Required work:
When the data below is printed, every line must match exactly and the images must be absent.

[[ Supplied material open ]]

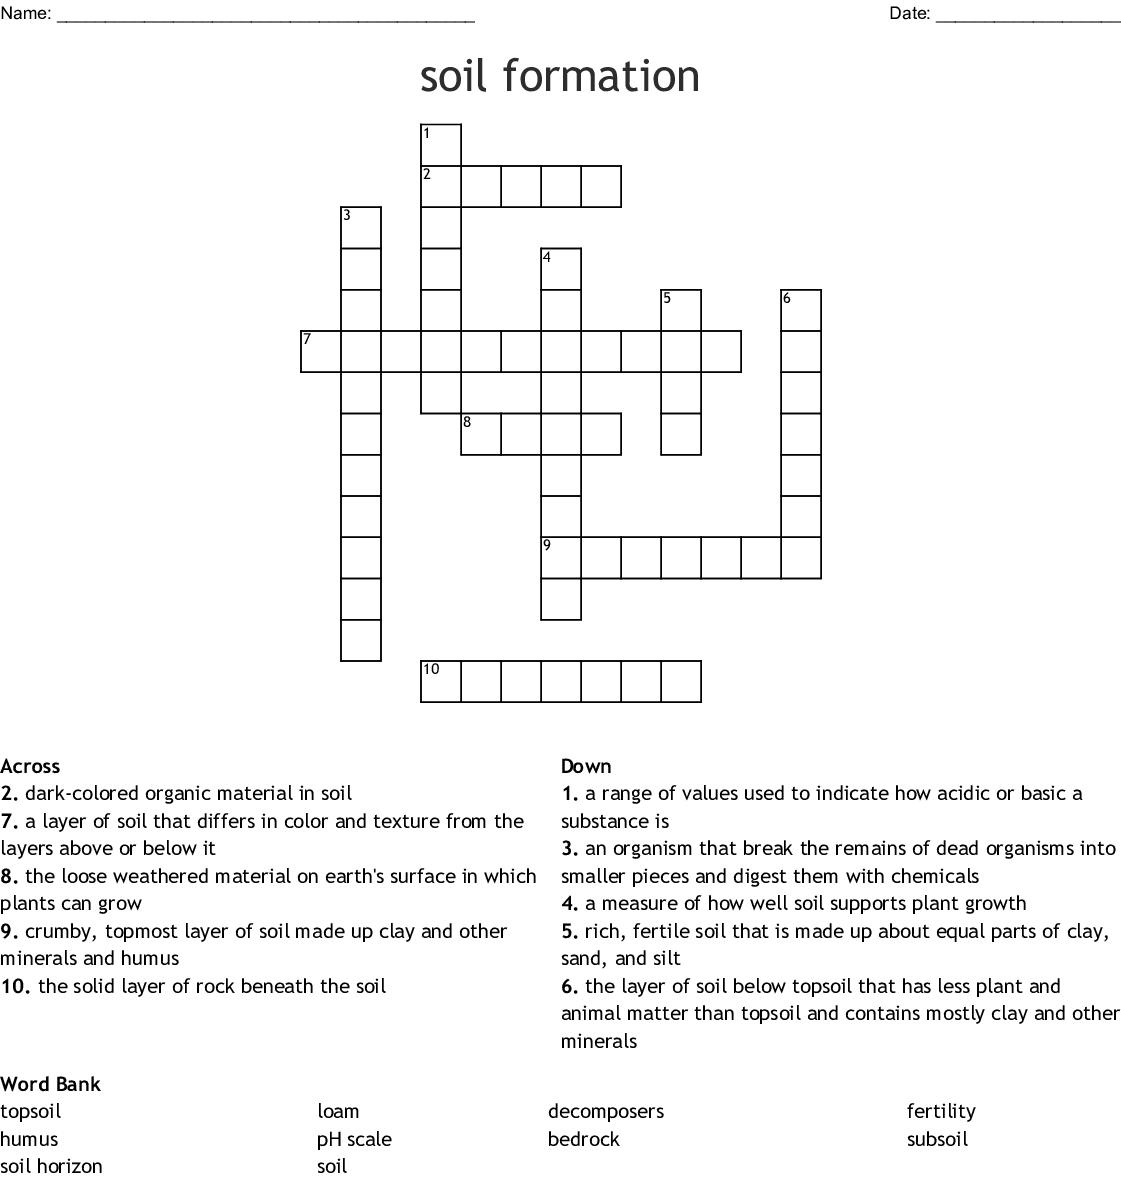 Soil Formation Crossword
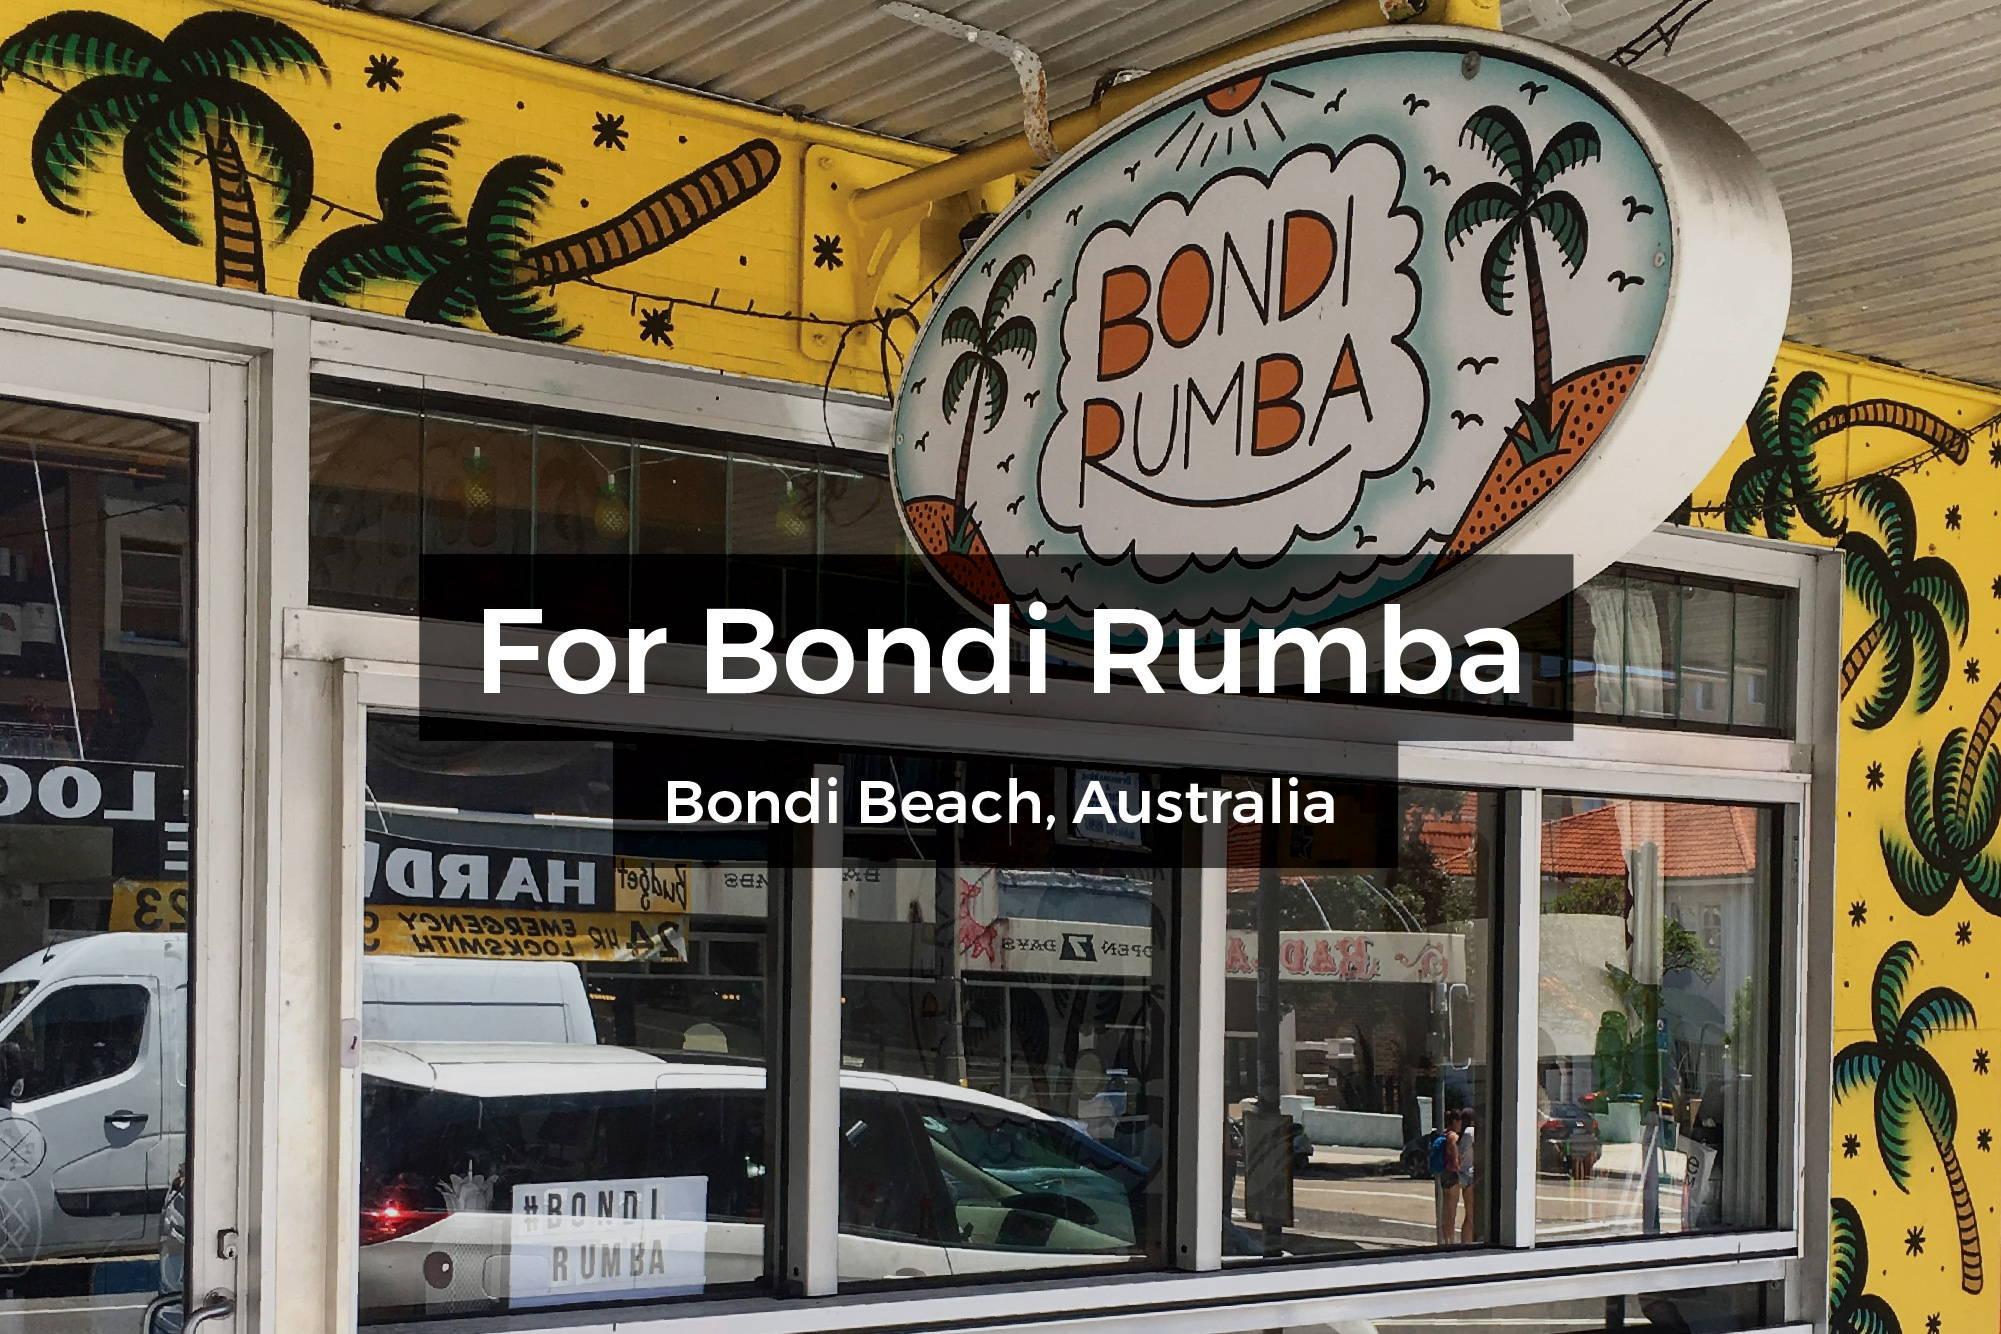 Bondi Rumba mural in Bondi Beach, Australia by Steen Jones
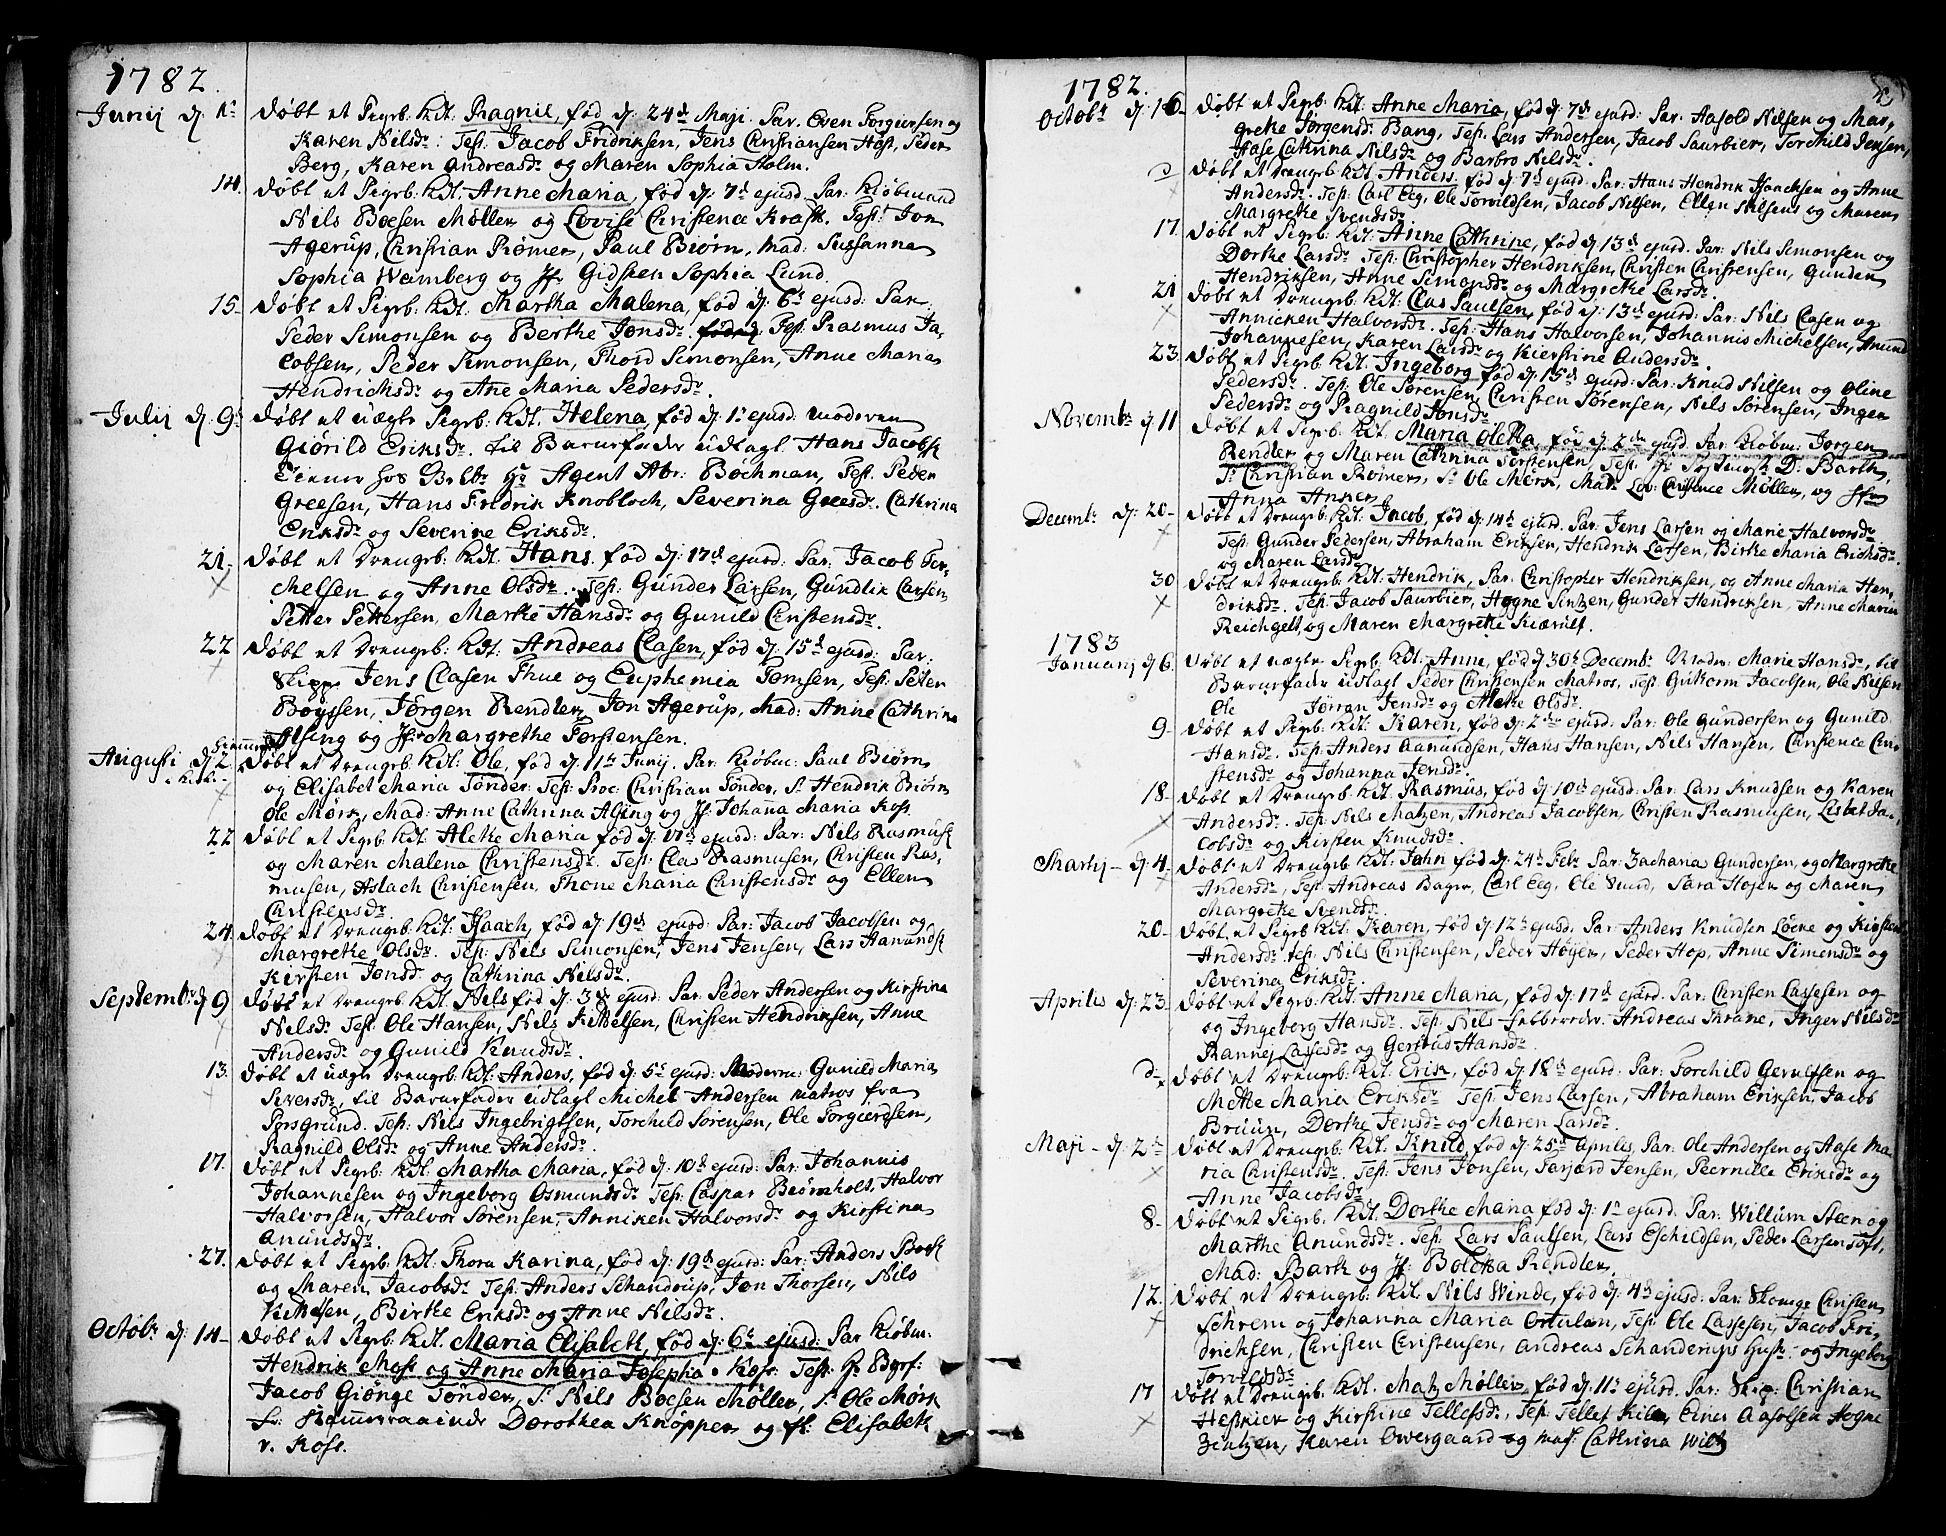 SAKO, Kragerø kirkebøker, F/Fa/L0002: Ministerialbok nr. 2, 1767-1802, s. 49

[[ Supplied material closed ]]

Written solution:
 Soil Formation Crossword
 Bondi Rumba mural in Bondi Beach, Australia by Steen Jones
 SAKO, Kragerø kirkebøker, F/Fa/L0002: Ministerialbok nr. 2, 1767-1802, s. 49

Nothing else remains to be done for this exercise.